Hello, dear friend, you can consult us at any time if you have any questions, add WeChat: THEend8_
CS260C: Deep Learning
Homework 3: Due March 9, 11:59 PM (No Late Submission)
In this homework, you will implement self-attention, and practice fine-tuning BERT on a sentiment analysis
task based on the transformers library.
Requirements
• Please work this Google Colab notebook:
• Submit your notebook (a .ipynb file). On Google Colab, you can download the notebook via:
File → Download → Download .ipynb. Please make sure to keep the output of your final run in
the notebook. It is strictly prohibited to falsify the output.
• Submit a PDF file. Show results of your fine-tuning, inference, and the comparison between fine-tuning
pre-trained BERT and training from scratch.
Part 1 Implementing Self-Attention (30 pts)
In this part, you are asked to implement self-attention in a multi head self attention function. You are
not allowed to use high-level PyTorch functions that are directly designed for self-attention. The correctness of
implementation will be checked by comparing the results with those by torch.nn.MultiheadAttention on a
number of test cases.
Part 2 Training Transformers and Fine-tuning BERT (70 pts)

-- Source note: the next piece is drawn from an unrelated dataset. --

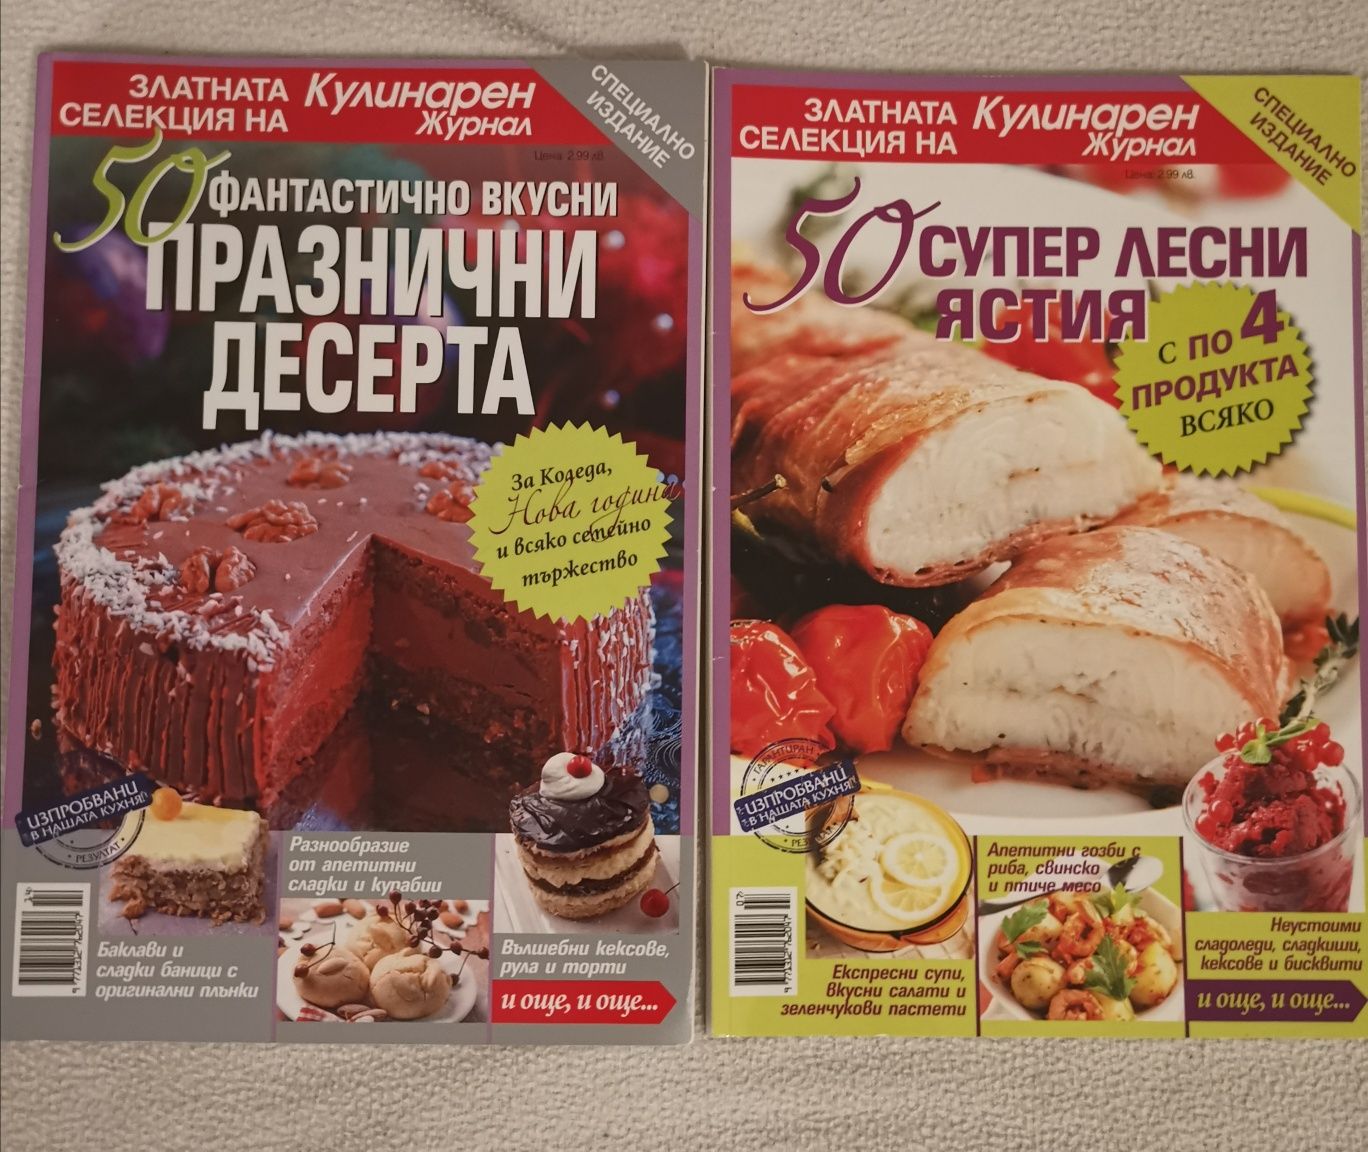 Специални кулинарни издания, по 3 лв. всяко, нови са

In this part, we will utilize the transformers library to fine-
tune pre-trained BERT on a sentiment analysis task. Please get familiar with its usage by reading the following
pages:
For this part, we do not have a skeleton code, and please create your own code cells.
Fine-tuning BERT
Practice fine-tuning BERT on the following setting:
• Dataset: SST-2
• Pre-trained model: distilbert-base-uncased .
Expected test accuracy is at least 90%.
Inference
Propose 4 sentences by yourself, where 2 sentences have positive sentiments, and 2 others have negative senti-
ments. Use these 4 sentences as the input to the model respectively, obtain and discuss the prediction by the
model.
Comparison with Training from Scratch
Compare the performance (test accuracy and inference results with your own input) of fine-tuning with training
from scratch. You will need to use a model with the same architecture as distilbert-base-uncased, while
using random initialization for the parameters rather than loading pre-trained parameters. You
may still use the pre-trained tokenizer.